How fancy do you want the bike, very involved lugs (Sachs, Rivendale, Vanilla) or do you want a more pedestrian ride (no lugs). Do you want a fancy paint job? Do they paint in house or send out.

I went with Carl Strong and got one hell of a bike, I love it. I would at least look at his web site and send him an email. I also seriously considered a Waterford. 

Since buying my custom, I have also been impressed with the Vanilla Bikes and there is another custom builder out of Bosman Montana that really makes a nice bike. I have forgotten his name but maybe someone will chime in.


----------



## DaveT (Feb 12, 2004)

fredstaple said:


> Since buying my custom, I have also been impressed with the Vanilla Bikes and there is another custom builder out of Bosman Montana that really makes a nice bike. I have forgotten his name but maybe someone will chime in.


Dave Kirk www.kirkframeworks.com is the other builder in Bozeman. Before hanging out his own shingle, he worked for 10 years or so at Serotta, where he personally built the 7/11 Team bikes for the Tour d'France.I had him build a custom for me and the end result was spot-on and exactly what I asked for.

Like the other poster said, phone calls are a very good thing. Dave Kirk was the most open and approachable builder that I talked to. And I interviewed a ton.

A good builder will ask many questions. Be honest with them about what you want, what you need, what you expect and what your capabilities are. My opinion, which I practiced with Dave Kirk, is to tell all about me, my wants, my needs, my desires, my expectations and let the builder build. I won't tell them how or what to build it out of, other than the material I want; steel, Ti. Alu or Carbon. My thinking that he knows a hell of a lot more than I regarding such details as angles, etc, I just want the bike to do what I want it to do.


----------



## 271828 (Jan 22, 2004)

DaveT - I think you''ve asked a similar question at bikefanclub.com a while ago and got a great reply from Dave Kirk. It helped me when I was going through the process of choosing a custom builder, and I think the original poster might find it helpful, too.


----------



## DaveT (Feb 12, 2004)

271828: Thanks for jogging my memory.
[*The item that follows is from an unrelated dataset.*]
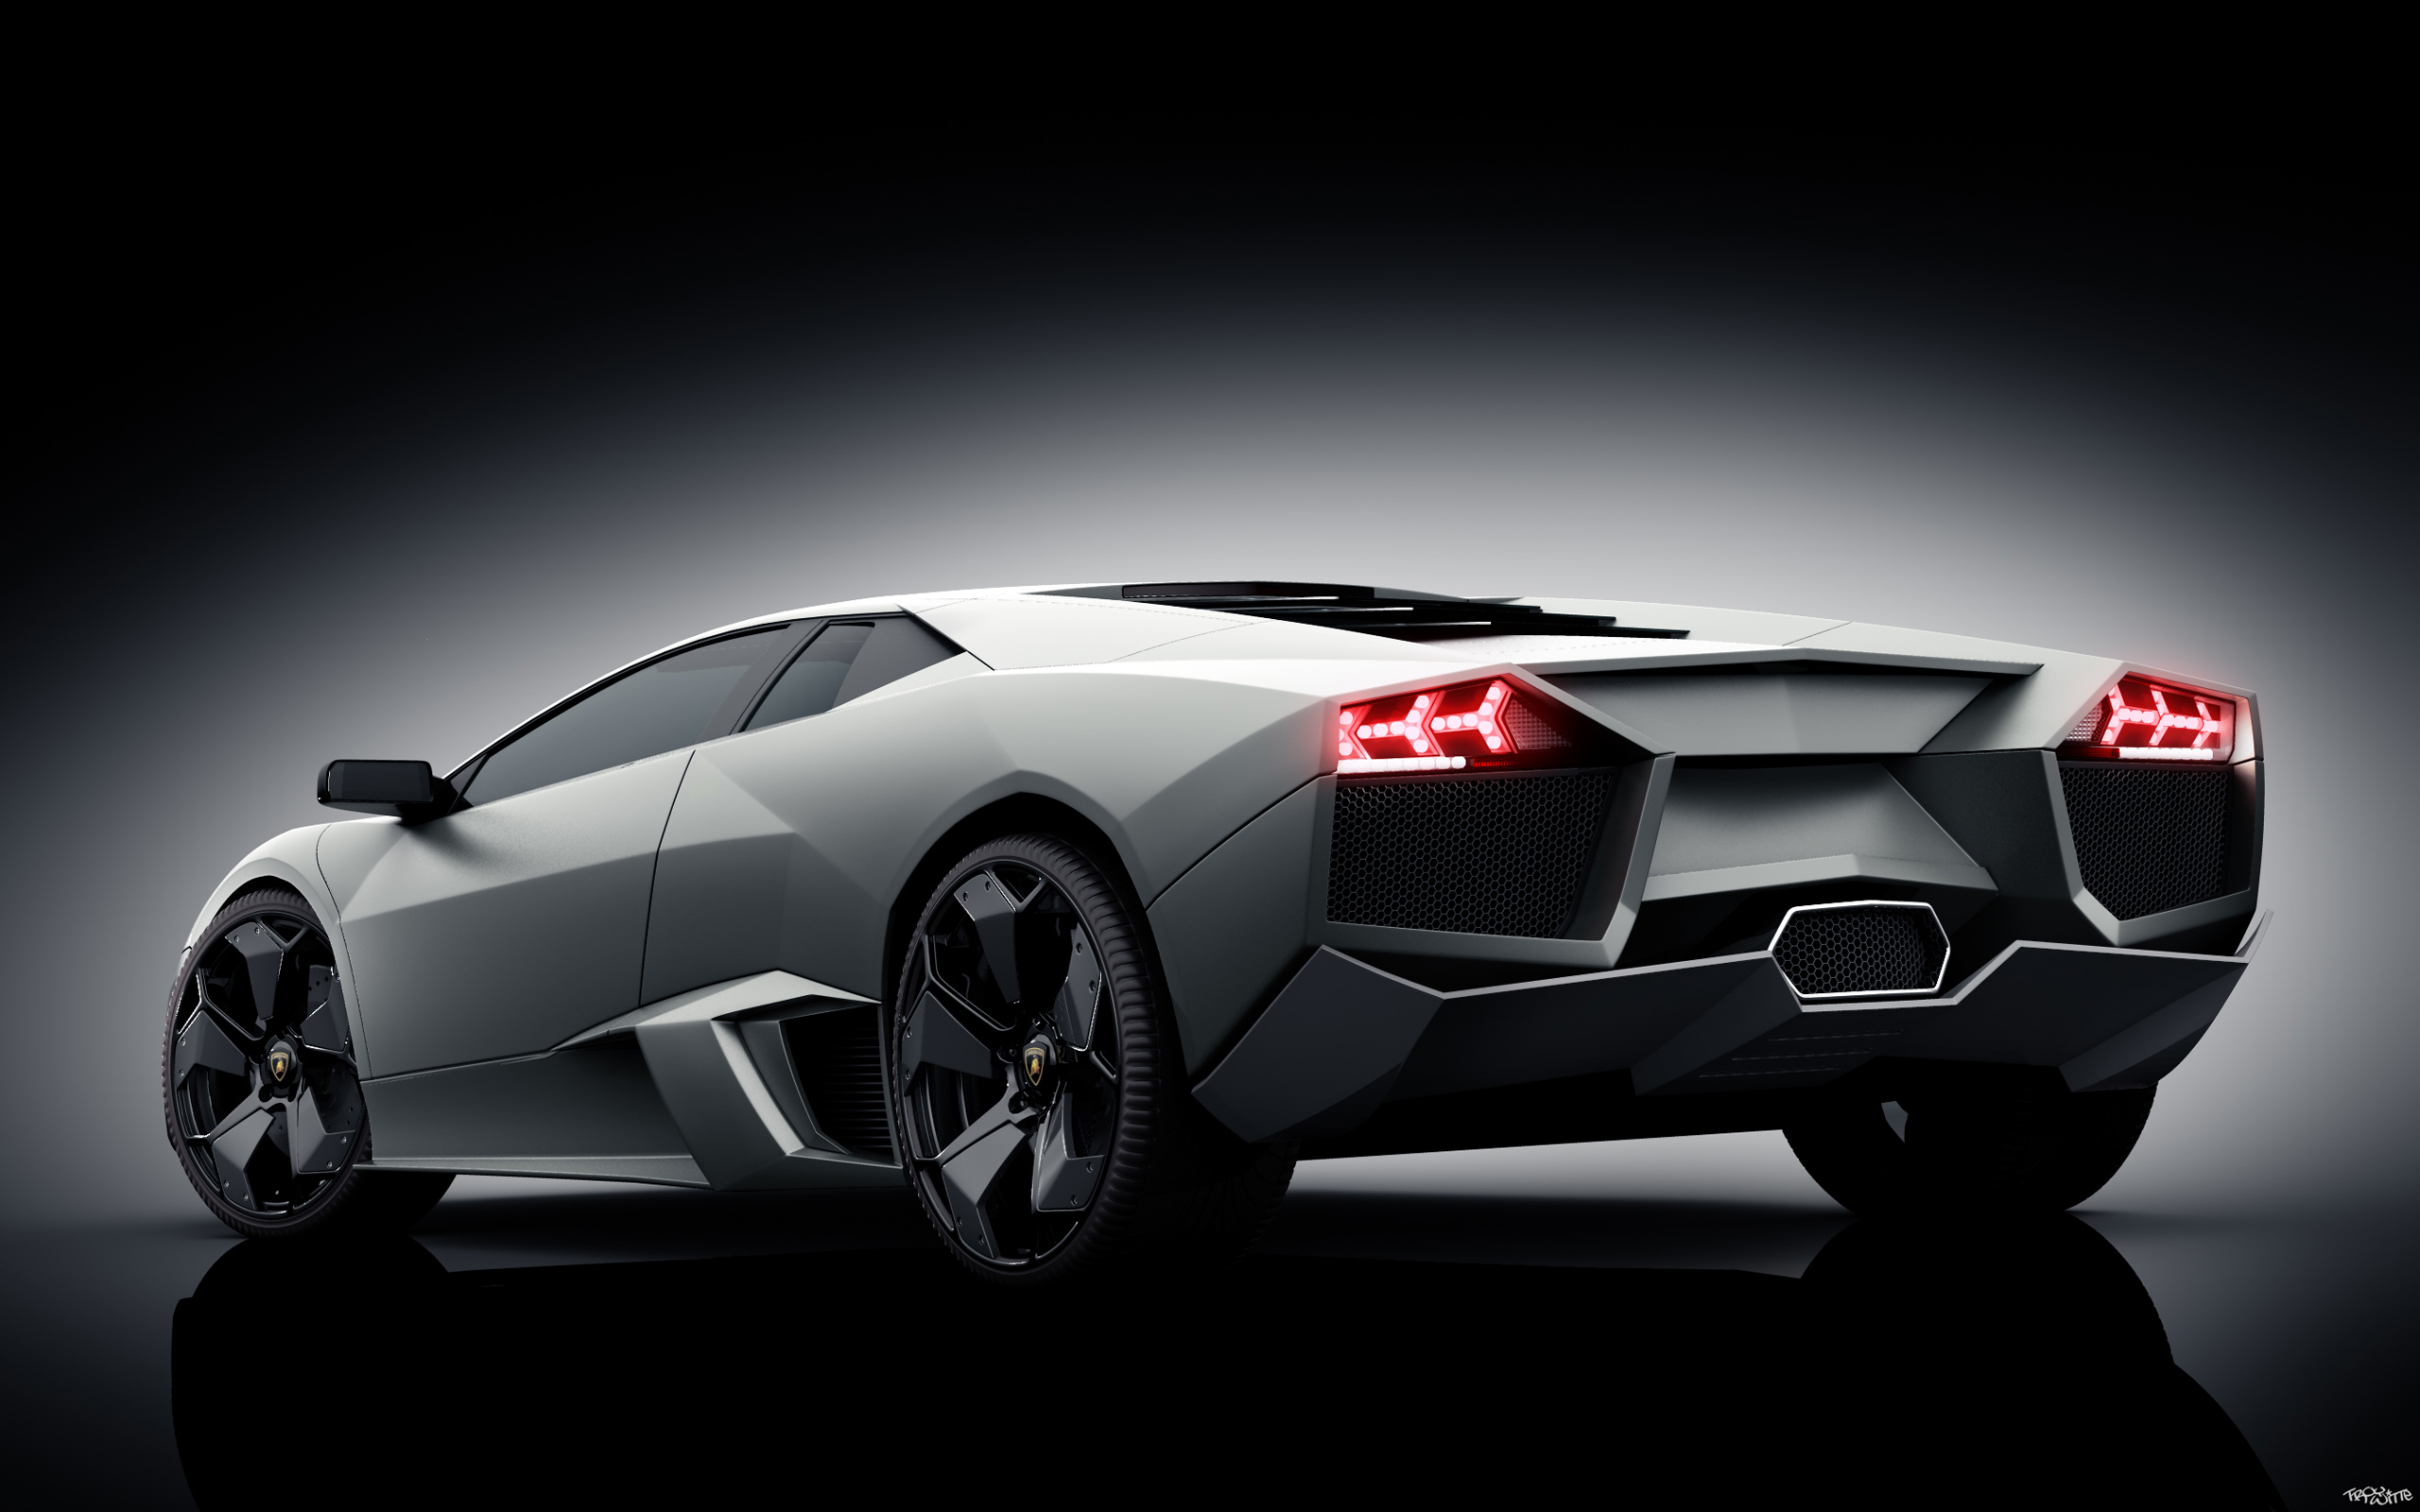 The Lamborghini Reventon Concept 2 Wallpaper Hd Car Wallpapers

The answer Dave responded with is a good example of why I chose him to build my first custom frame.

Aside from being a damn good frame builder, he's a hell of a nice guy and likes to think out of the box. While he has built a lot of traditional lugged steel bikes (like mine) he came up with the curved seat stay innovation he calls "Terraplane", which I had retrofitted a year later on my Kirk, that really does make the rear end work for the rider.

A true testament to the high regard he is held, is, he's built a second Kirk for some of his customers, and some very bikes from customers with unusual requests. He's a rider, thinker and a doer.

You can see pics of some of his customers bikes here: http://www.bikefanclub.com/gallery/showgallery.php?cat=518&password= including mine.


----------



## the Inbred (Feb 28, 2004)

i got to meet Sacha (Vanilla) over the summer and hang at his shop for an hour or 2. 

http://www.pbase.com/inbred/image/32910464/original

definitely one of the better experiences i had this summer. i had been a fan of his work for a couple years, but to finally meet him was awesome. such an awesome guy to talk to. so comfortable being there. he knew that i wasn't going to drop the deposit for a frame right then and there, but had no problems letting me in and talking with me and frame building and such. the crazy thing was him saying he recalled my name from another board and a friend of mine who has a couple Vanilla forks. i think i blushed. 

his work is so clean, and classic. he's so easy to talk to. i can't wait till i have the money for a frame of his. 

http://www.pbase.com/inbred/image/32910471/original


----------



## wayneanneli (Jul 8, 2004)

the Inbred said:


> i got to meet Sacha (Vanilla) over the summer and hang at his shop for an hour or 2.
> 
> http://www.pbase.com/inbred/image/32910464/original
> 
> ...


Hey Inbred,
Cool that you like Vanilla, but I hope you have patience... currently a 13-month waiting period for his bicycles (Yikes!!)  
Cheers, Wayne


----------



## Indyfan (Mar 30, 2004)

*Communications and patience.*

I'll agree with what many have said; let the builder do what he does best. 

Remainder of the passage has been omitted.